Requirement | Repeat the listing exactly, line by line, and leave the pictures behind.

Data extract |

◇ ◇ ◇ ◇ ◇ ◇ ◇

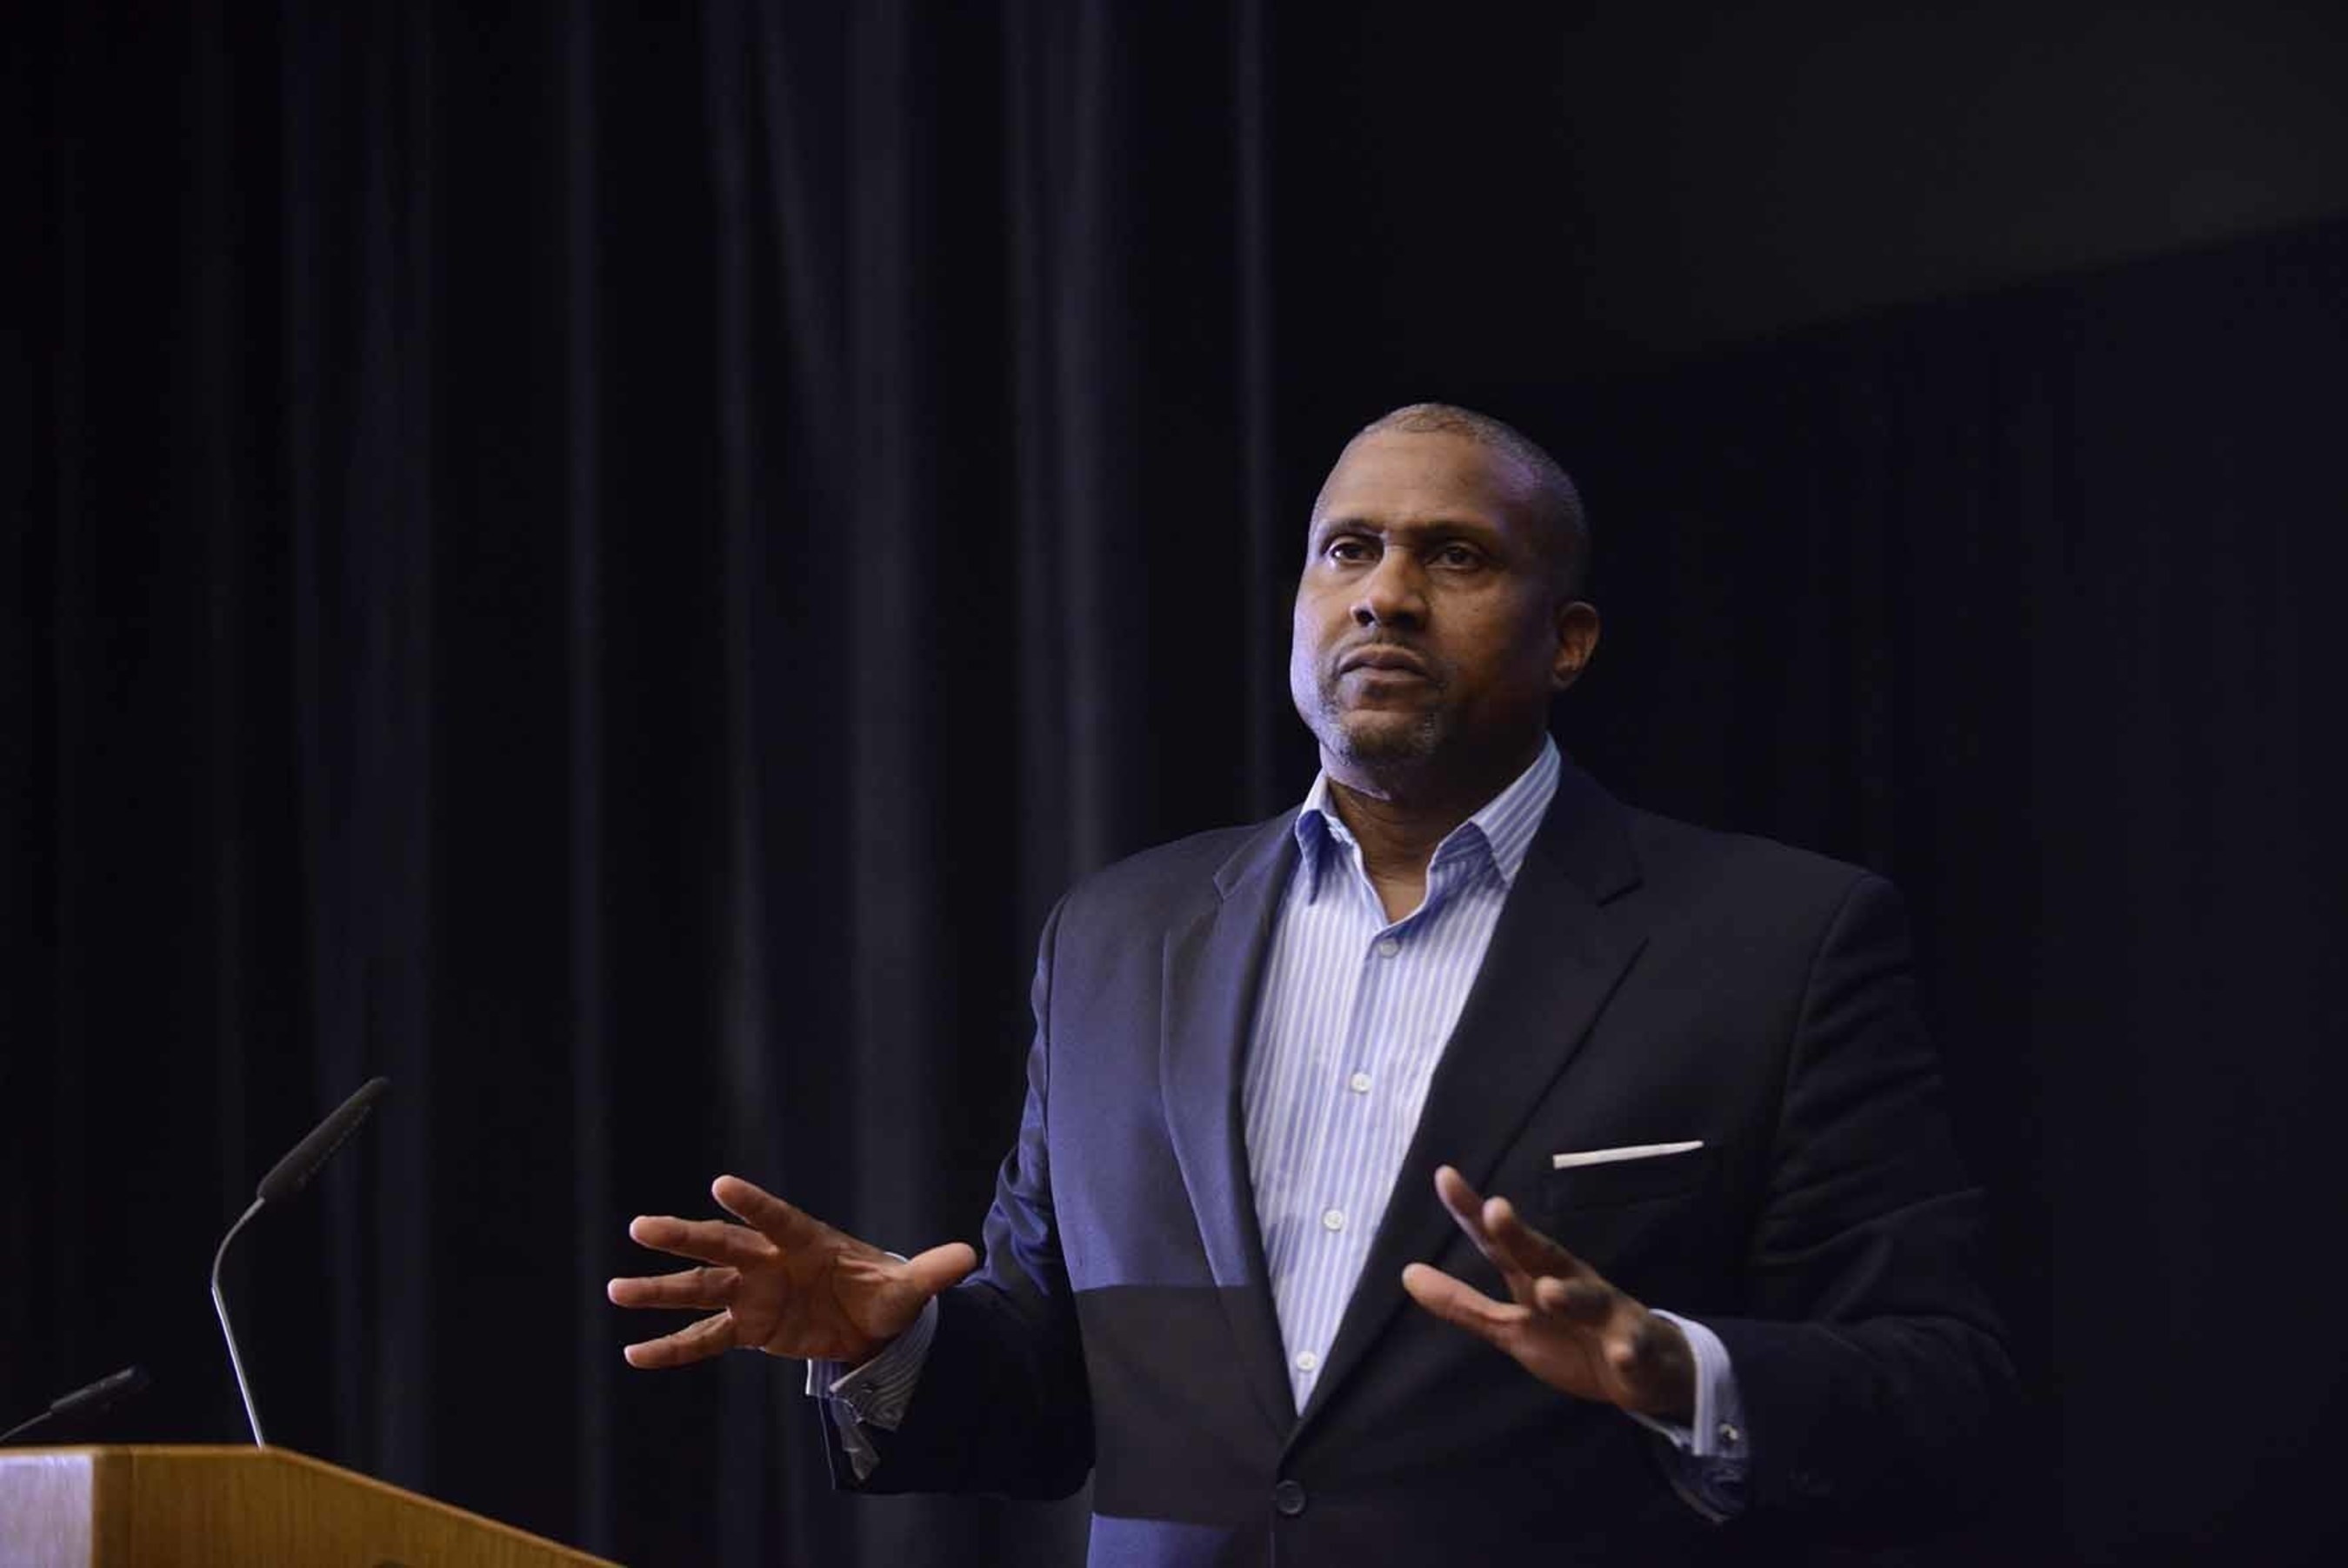 Talk show host and bestselling author Tavis Smiley speaking at the Bunker Hill Community College Compelling Conversations Speaker Series.
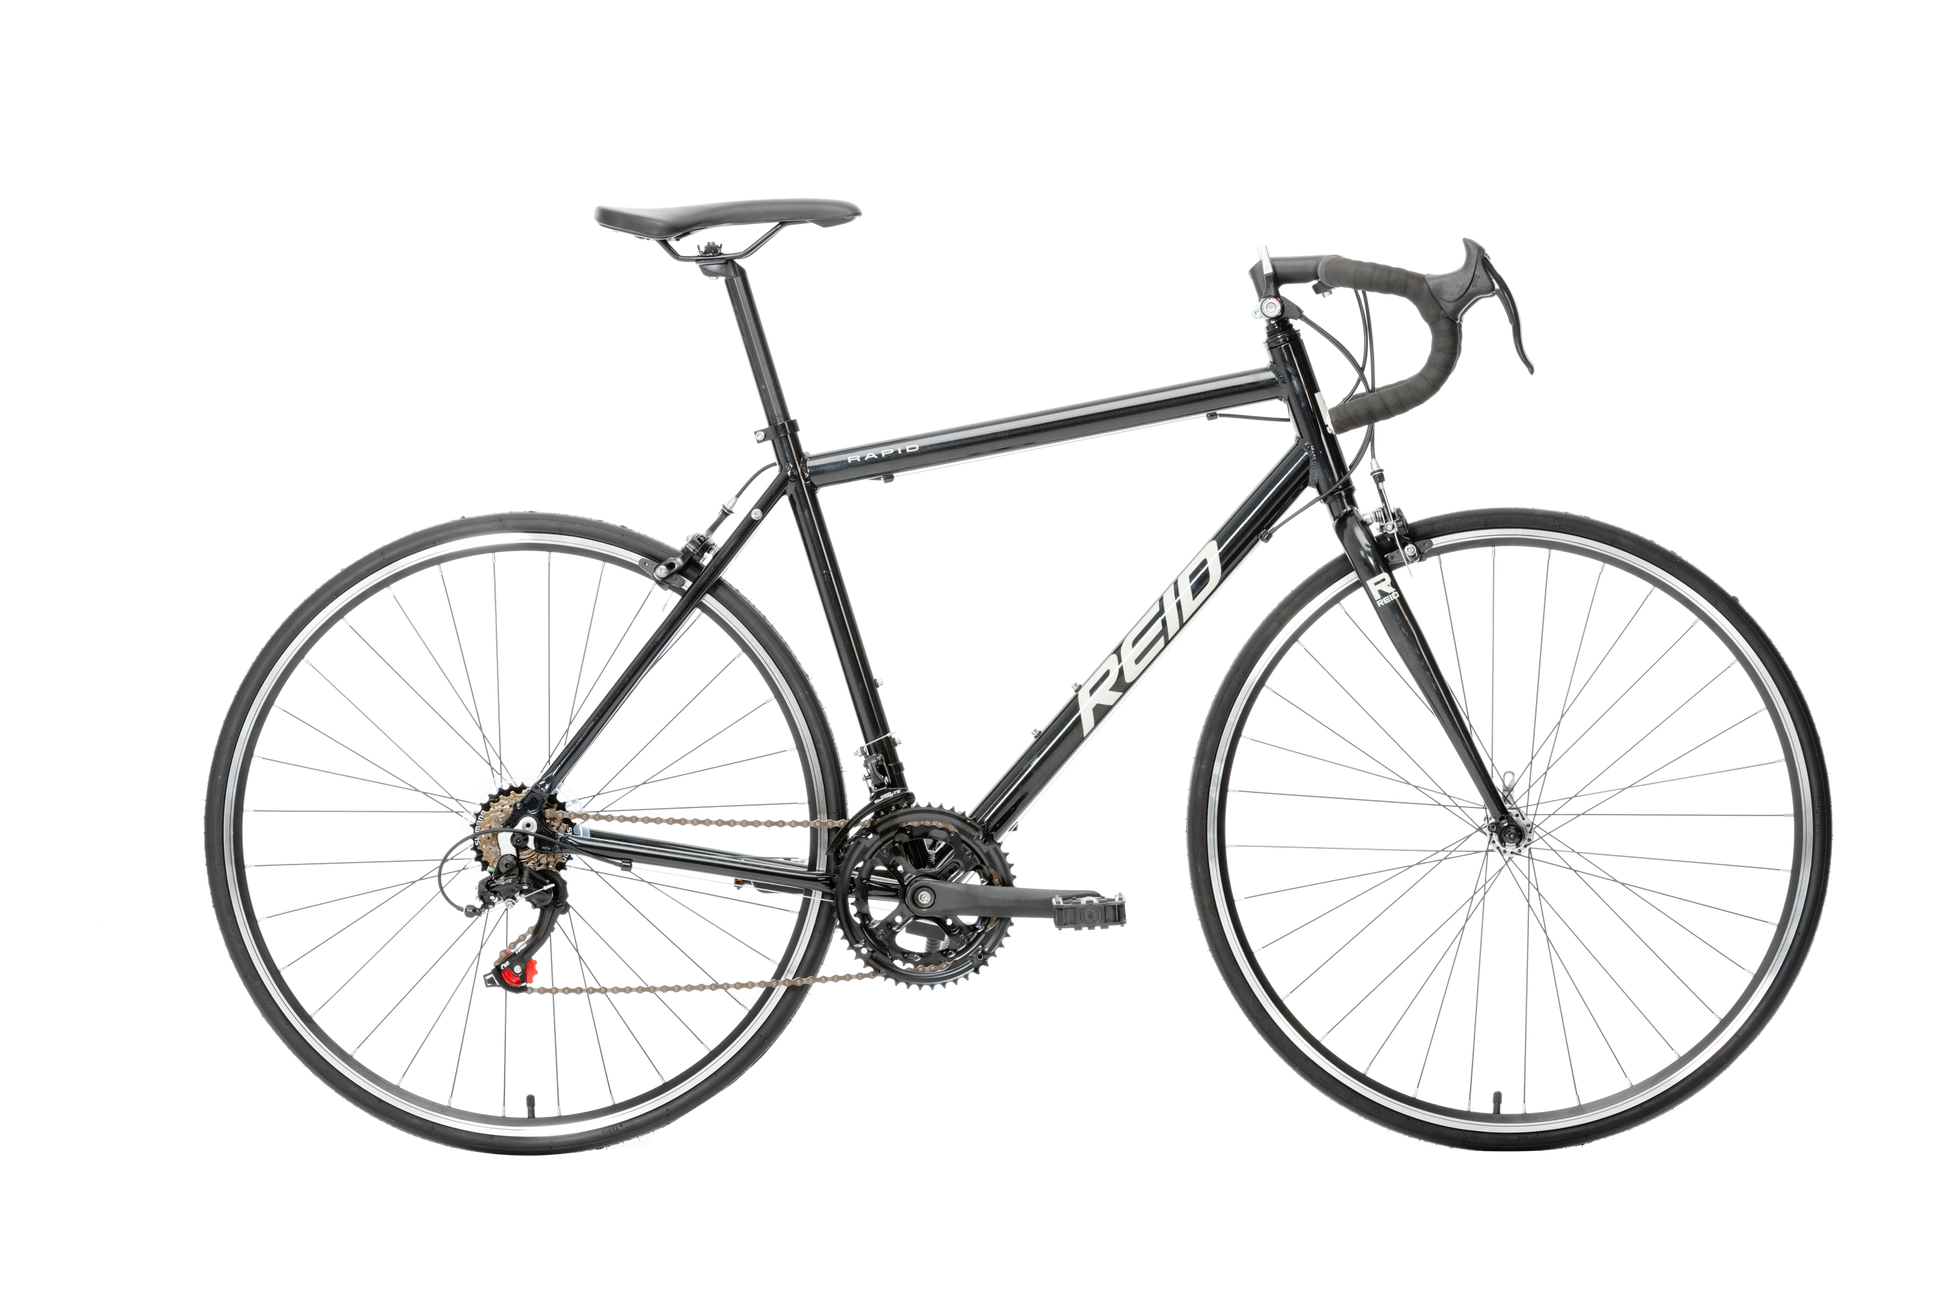 Rapid Dropbar Road Bike in black with Shimano 7-speed gearing from Reid Cycles Australia
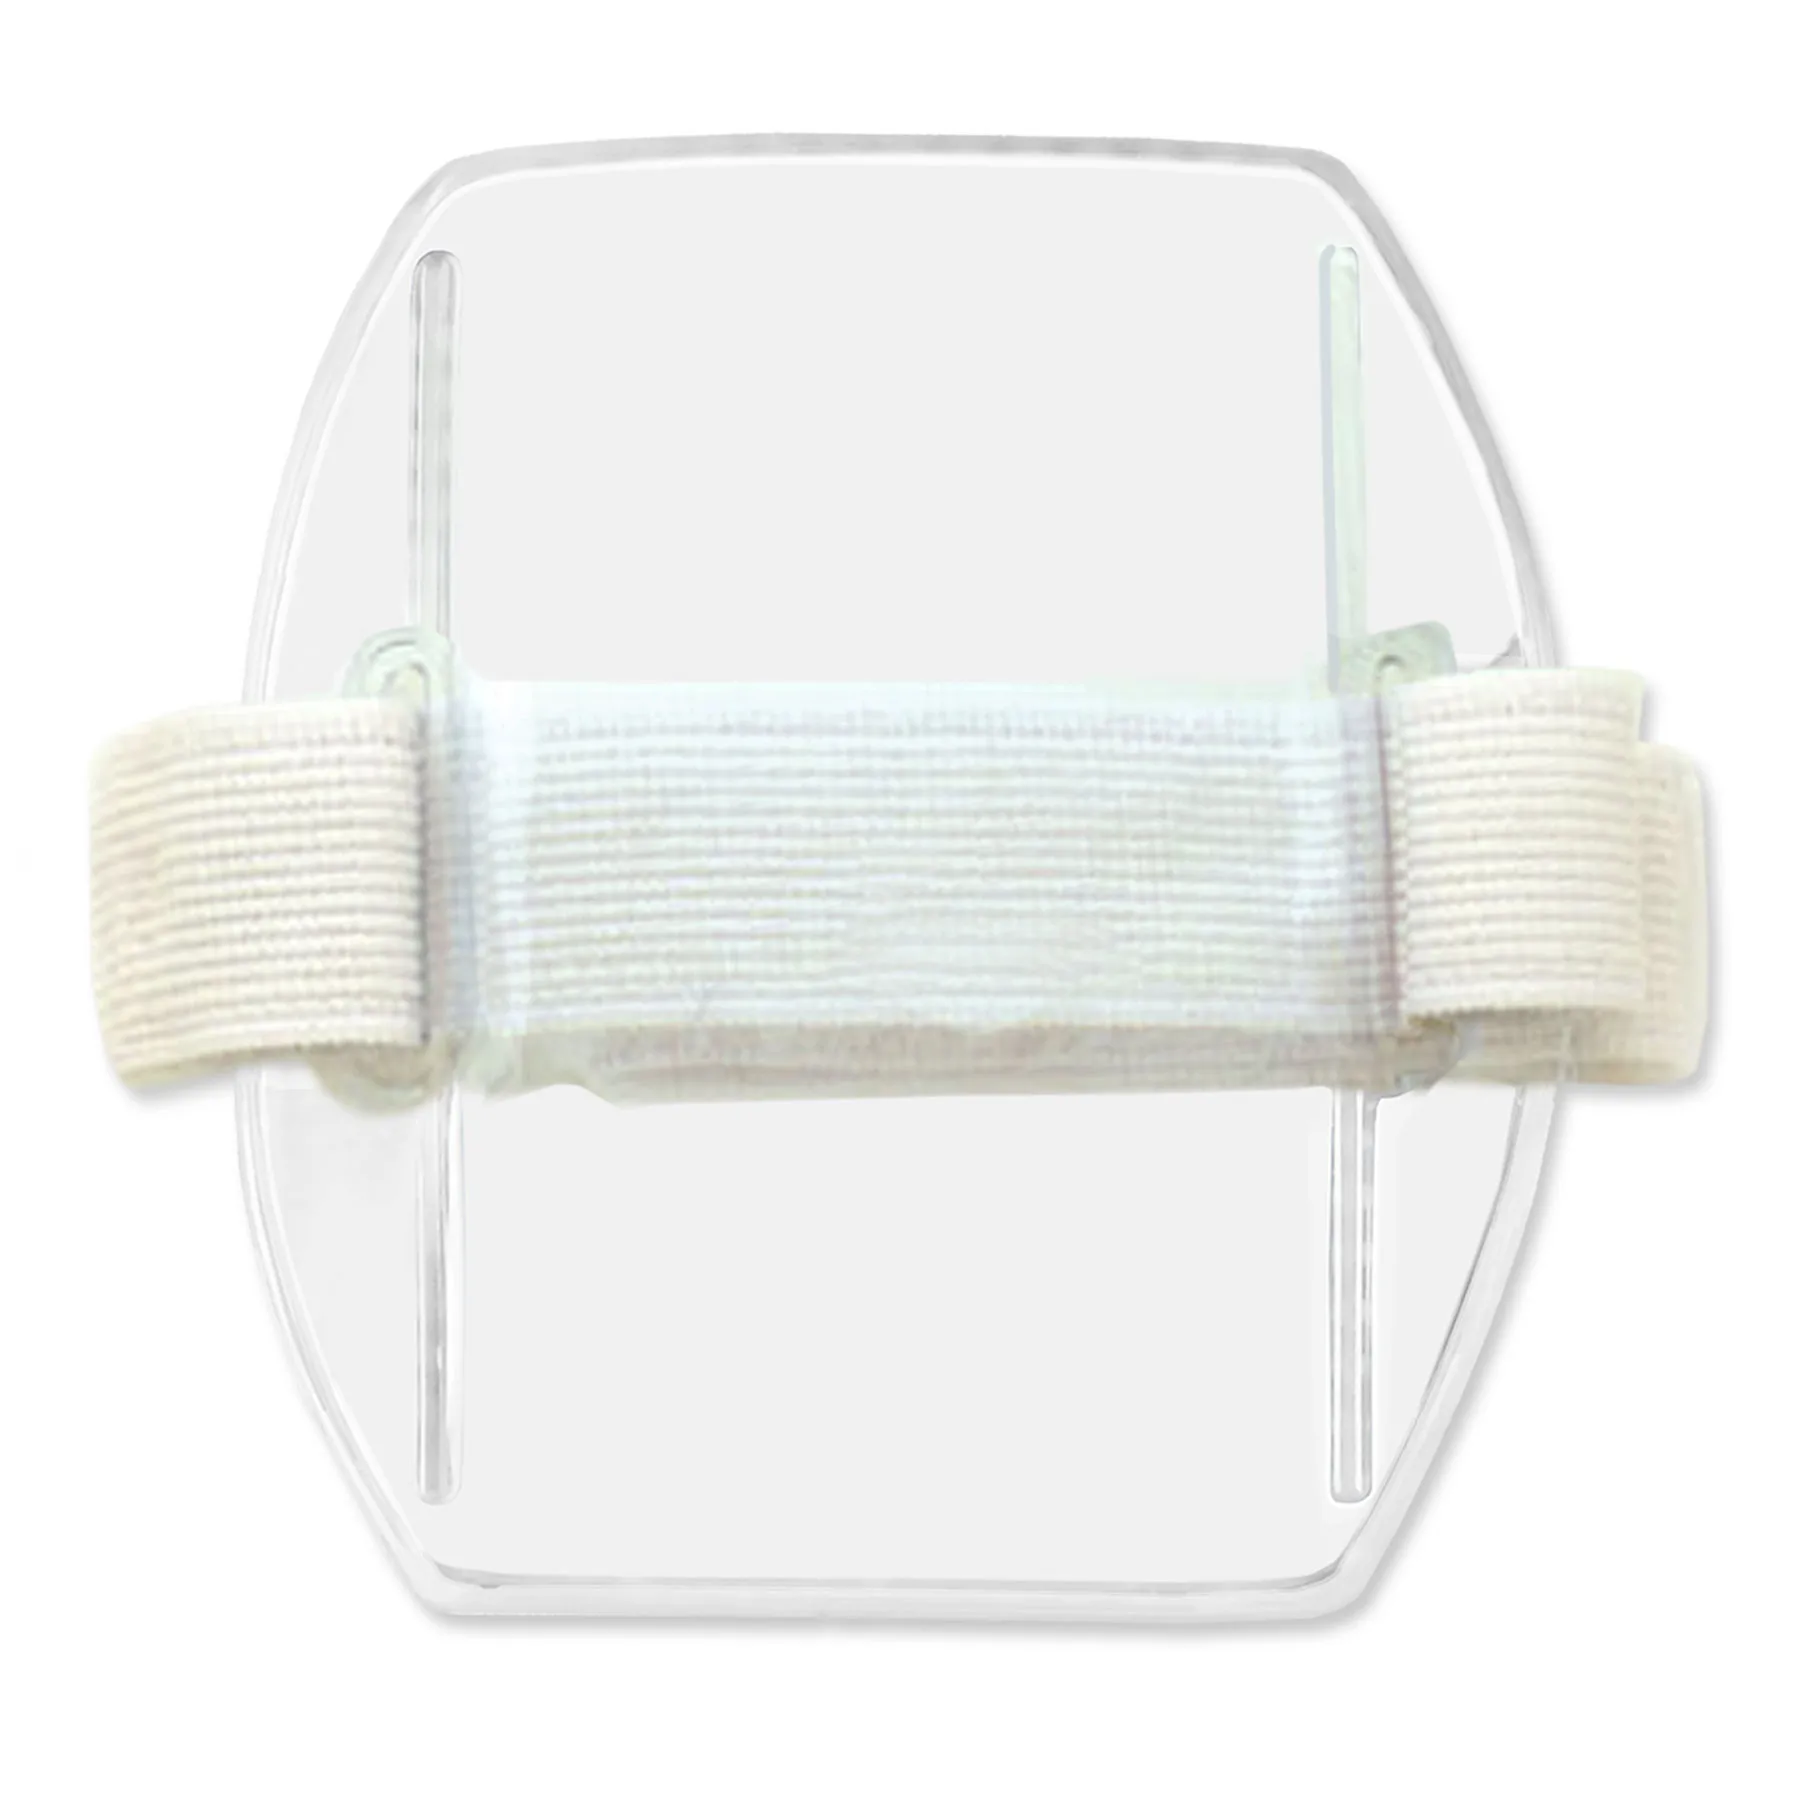 Clear Vertical Arm Band Badge Holder w/ White Strap, 2.38″ x 3.38″ – Pack of 100

◇ ◇ ◇ ◇ ◇ ◇ ◇

Exercise result |
 Talk show host and bestselling author Tavis Smiley speaking at the Bunker Hill Community College Compelling Conversations Speaker Series.
 Rapid Dropbar Road Bike in black with Shimano 7-speed gearing from Reid Cycles Australia
 Clear Vertical Arm Band Badge Holder w/ White Strap, 2.38″ x 3.38″ – Pack of 100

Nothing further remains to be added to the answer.